A miscellaneous compilation of articles and off-the-cuff ideas, mostly relating to the English Language and its words, and how well they are used on some occasions, and how badly on others. But other topics and whimsies are likely to keep cropping up too. This blog is closely related to the website mentioned below.

Sunday, 7 December 2008

Try it in Italian

How do you pronounce the word ‘rationale’ (if you use it at all) ? I have long assumed that it's one of the very many words that we have adopted from the French language, so have said something like ‘rashen-arl’. But it isn’t a French word at all: it was borrowed into English in the seventeenth century from Latin, in which language it is the neuter singular of the adjective rationalis (which means ‘reasonable’ or ‘reasoned’). So Latin rationale means ‘something reasoned’.

But it looks like French; so for a long while a number of people, including me, ignorant of its derivation, have read it and pronounced it as if it were 'Franglais', ‘rash-en-arl’, with three syllables. In fact in true French it should have four syllables 'rass-y-on-arl'; but in Latin it had five syllables, rat-i-on-al-e.

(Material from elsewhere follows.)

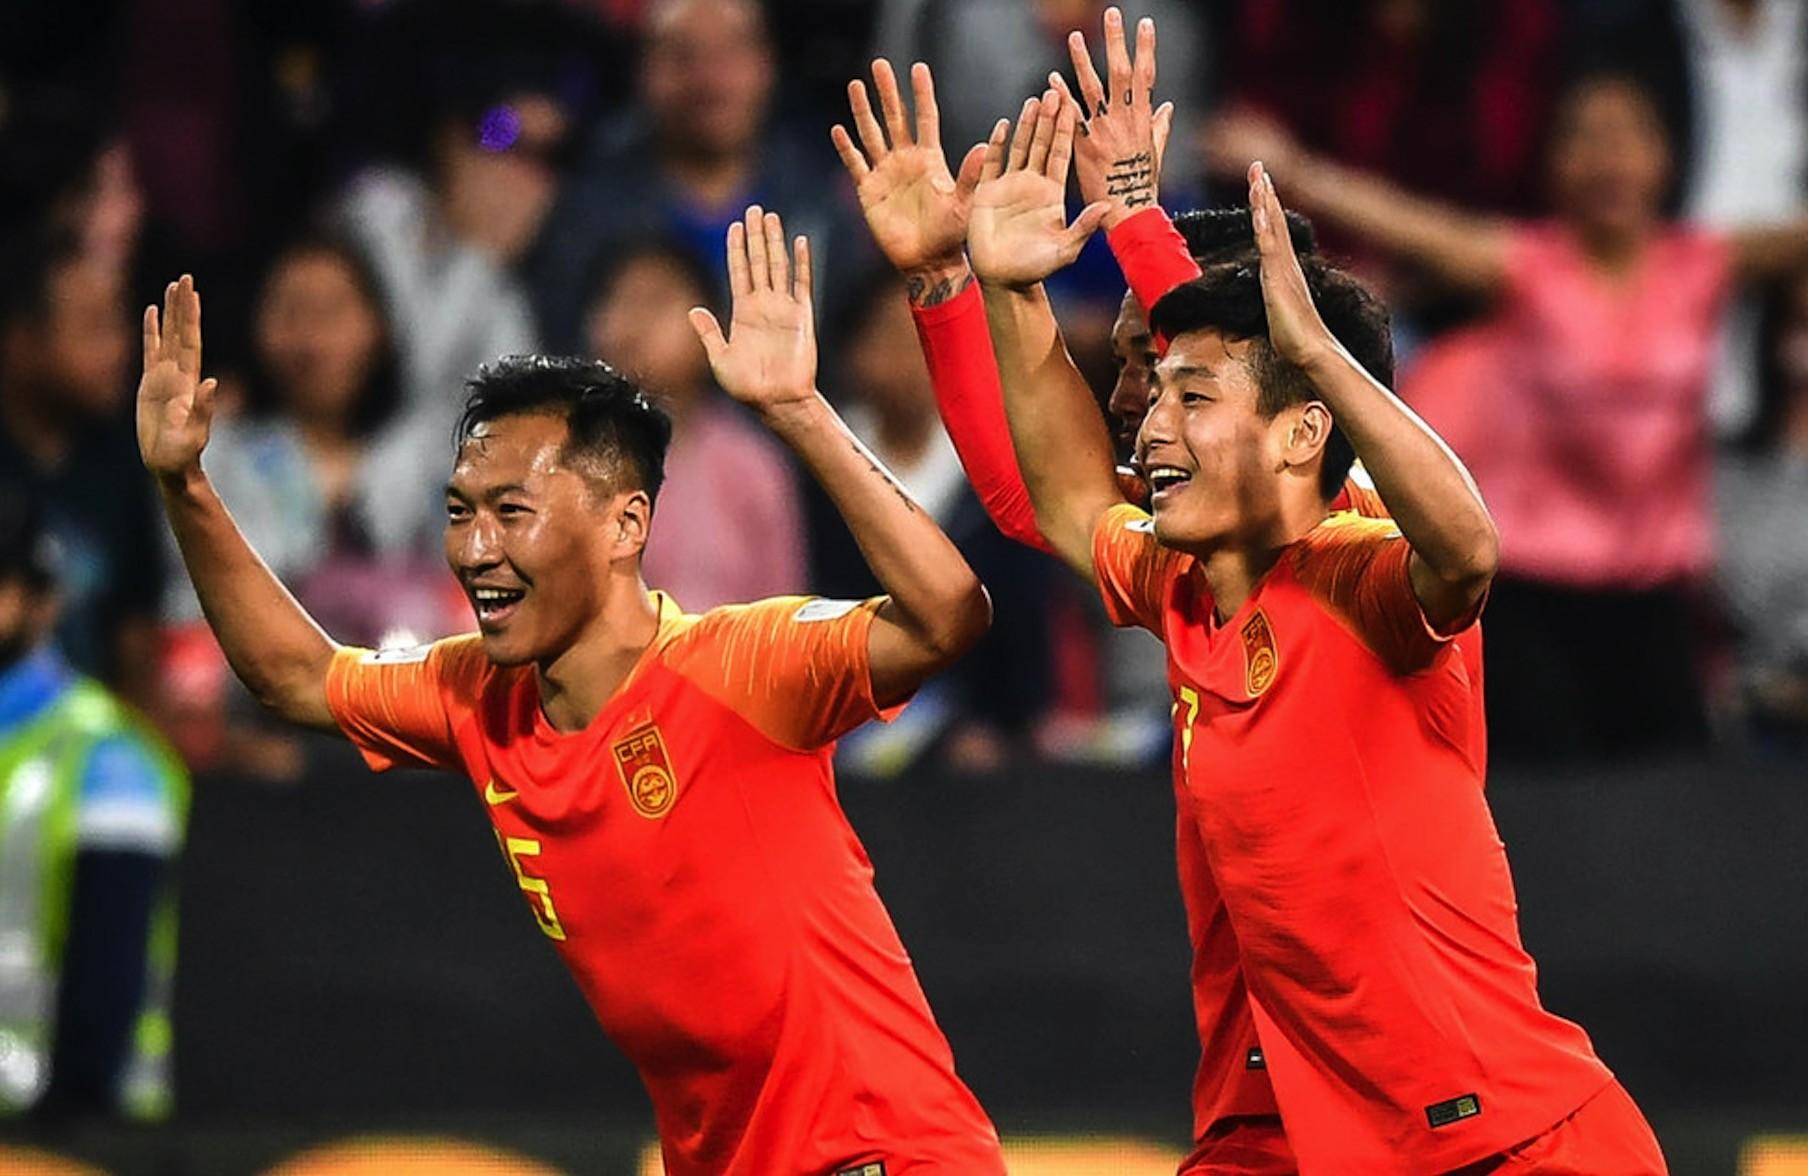 常规时间,国足在亚洲杯上从未战胜过伊朗

I see that the Shorter Oxford English Dictionary of 1955 encourages us to pronounce that finale ‘e’ separately, to make the word sound something like ‘rash-i-on-ayl-i’. But the modern BBC English Dictionary, the newsreader’s bible, flows with the popular tide and recommends ‘rashen-arl’.

As for me, I think I’ll go Italian. After all, their language is directly derived from Latin. They have the word rationale in their vocabulary, and say something like ‘ratz-i-o-nar-lay’. The fact that it sounds as if it might be the popular name of an Irish Vermin Controller (Ratsy O’Narley) makes the word much more fun.